Нельзя не отметить и того, что конкретная обстановка создавала своего рода «служебный иммунитет» тем начальникам, которые имели огромный личностный авторитет у белых волонтеров. Это вносило определенную специфику во внутренний уклад жизни Добровольческой армии865.
Надо отметить прозорливость военно-политических лидеров белого движения, которые смогли учесть изложенные выше обстоятельства и внести коррективы в общую концепцию воинской дисциплины как неотъемлемой части морального духа армии.
Данные коррективы материализовались тогда, когда командующий Добровольческой армией генерал Деникин окончательно внедрил в армию воинские уставы армии царской России с изменениями, продиктованными конкретно-исторической обстановкой:
— офицеры обращаются к подчиненным на «Вы», а те титулуют их по чинам;
— отменяется постановка «во фронт»;
— разрешается нижним чинам посещение, без всяких ограничений, общественных зрелищ, а также езда в трамваях, курение на улице, при условии строжайшего отдания чести866.
Кроме того, Деникин уровнял в правах гвардейских и армейских офицеров, решив застарелую проблему царской армии867.
Необходимо подчеркнуть, что дальнейшие коррективы в общую концепцию воинской дисциплины как неотъемлемой части морального духа армии белым вождям пришлось внести после того, как состоялся переход к мобилизации офицеров. Приказом №64 от 25 октября 1918 г. в ряды Добровольческой армии призывались все штаб868 и обер-офицеры869 в возрасте до 40 лет.
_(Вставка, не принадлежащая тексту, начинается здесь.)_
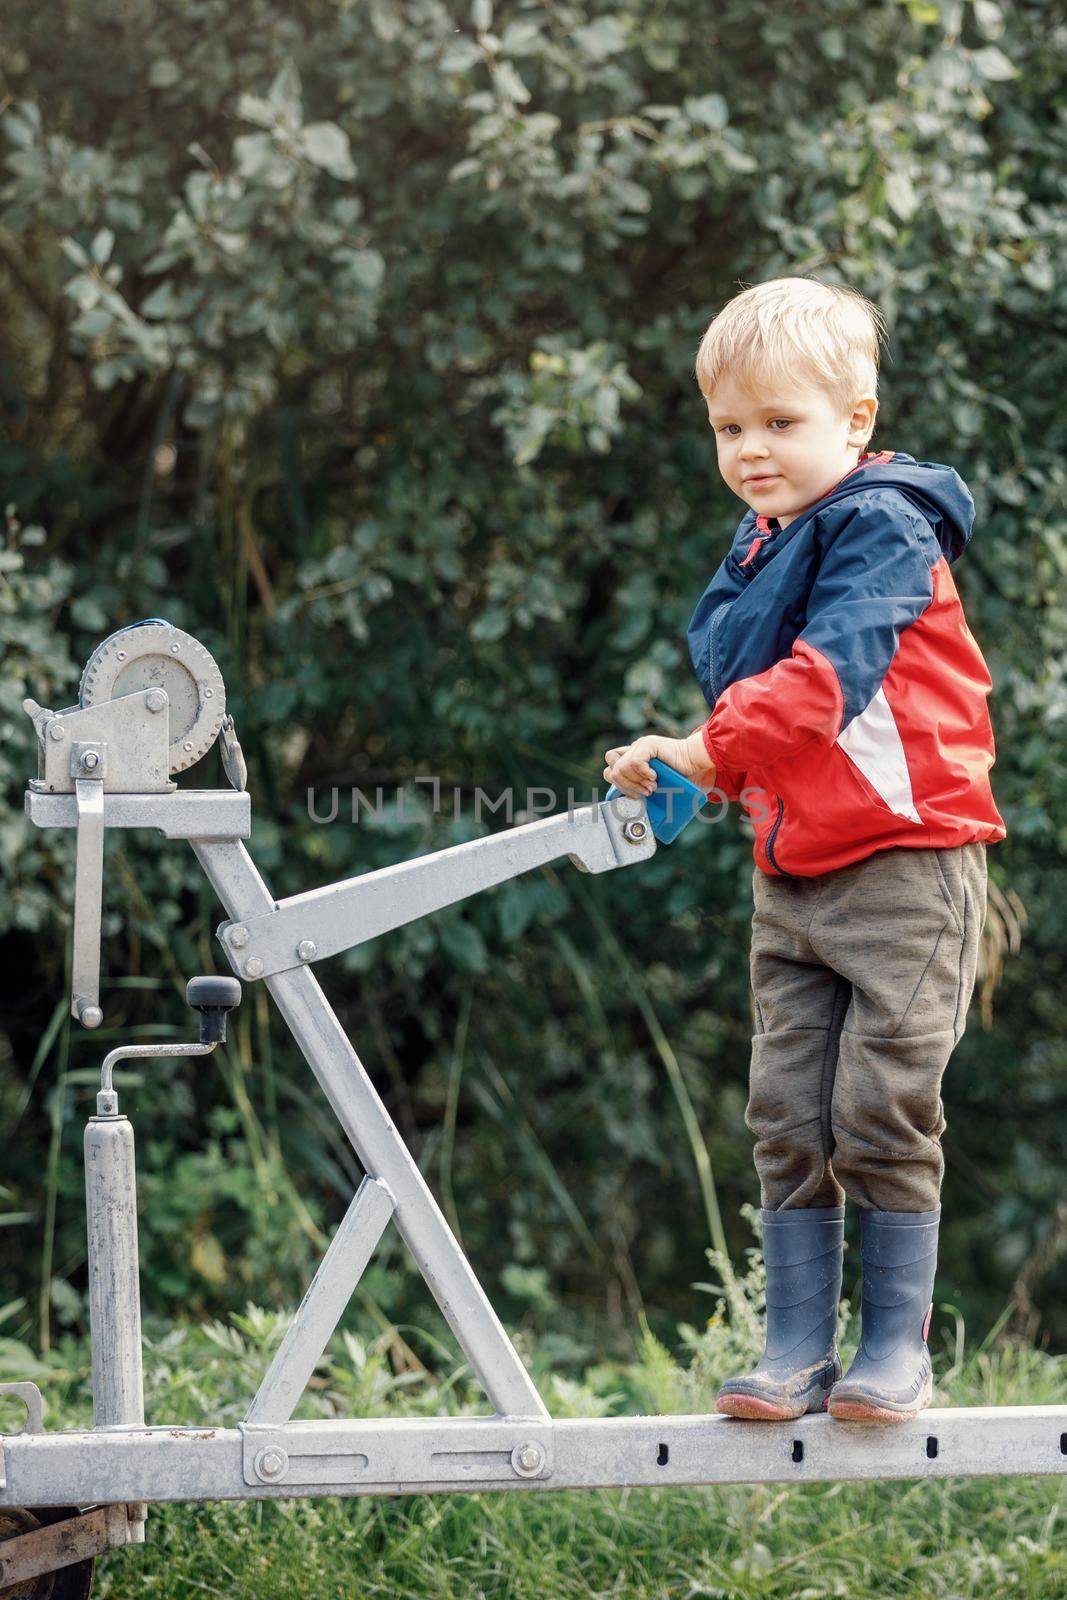 The little happy boy with rubber boots climbs on boat trailer winch and poses for the camera against a background of green foliage. Vertical photo by Lincikas

Тем из них, кто «освободился из армии» (по истечении срока «контракта»), предписывалось «или покинуть территорию ея в семидневный срок, или подвергнуться вновь обязательному призыву…». А приказом №246 от 7 декабря 1918 г. отменялись четырехмесячные сроки «контракта» и теперь служба становилась обязательной870.
Для строевого офицерства Добровольческой армии такие приказы не имели значения, так как у большинства из них «твердо сложилось убеждение в необходимости обязательной службы»871. Но для офицерства, проживавшего в тех районах и городах Юга России, которые предстояло занять ВСЮР в 1919 г., обязательная служба в рядах белой армии ставила перед выбором, на чьей быть стороне в Гражданской войне и, безусловно, повлияла на рост притока офицеров в армию.
Да и идейная убежденность в правоте Белого дела, в необходимости борьбы с большевизмом у мобилизованных офицеров была, по оценке генерала Деникина, меньшей, нежели у офицеров-первопоходников872.
Кроме того, и это представляется чрезвычайно важным, среди офицеров все больше стала ощущаться дифференциация по значимости вклада в белую борьбу. Белогвардейский журналист Раковский образно отмечал то, что армия разделилась «на князей, княжат и прочую сволочь»873. «Княжата» считали мобилизованных офицеров «подневольниками», которые при большевиках «прятались в подвалах» и не любили их, и наоборот. Здесь крылись истоки будущего разложения офицерства.
Следует констатировать, что командование белых, рассматривая воинскую дисциплину как стержневую проблему в сфере морального духа армии и его укрепления, стремилось к определенной демократизации взаимоотношений между военнослужащими и утверждению принципов социальной справедливости.
Подобное способствовало тому, чтобы в идее необходимости использования в целях укрепления морального духа армии достижения высокого уровня воинской дисциплины и правопорядка в войсках рельефно вырисовывалась доминанта убеждения. Контент-анализ и факторный анализ относительно большого массива приказов главкома ВСЮР за 1919 г., сохранившихся в РГВИА и ГАРФ874, показывает, что ключевые словосочетания875 встречаются примерно в 77% площади, занимаемой текстом, имеющим отношение к проблемам воинской дисциплины876. Причем, налицо апелляции к сознанию «господ офицеров».
Однако и аспектам принуждения нашлось место в определении сущности и содержания идеи необходимости использования в целях укрепления морального духа армии достижения высокого уровня воинской дисциплины и правопорядка в войсках. Это естественно, ибо военная история наглядно проиллюстрировала аксиому: нет в мире армий, в которых бы не применялись меры принуждения в целях дальнейшего укрепления воинской дисциплины и, соответственно, — морального духа. Тем более, в боевой обстановке.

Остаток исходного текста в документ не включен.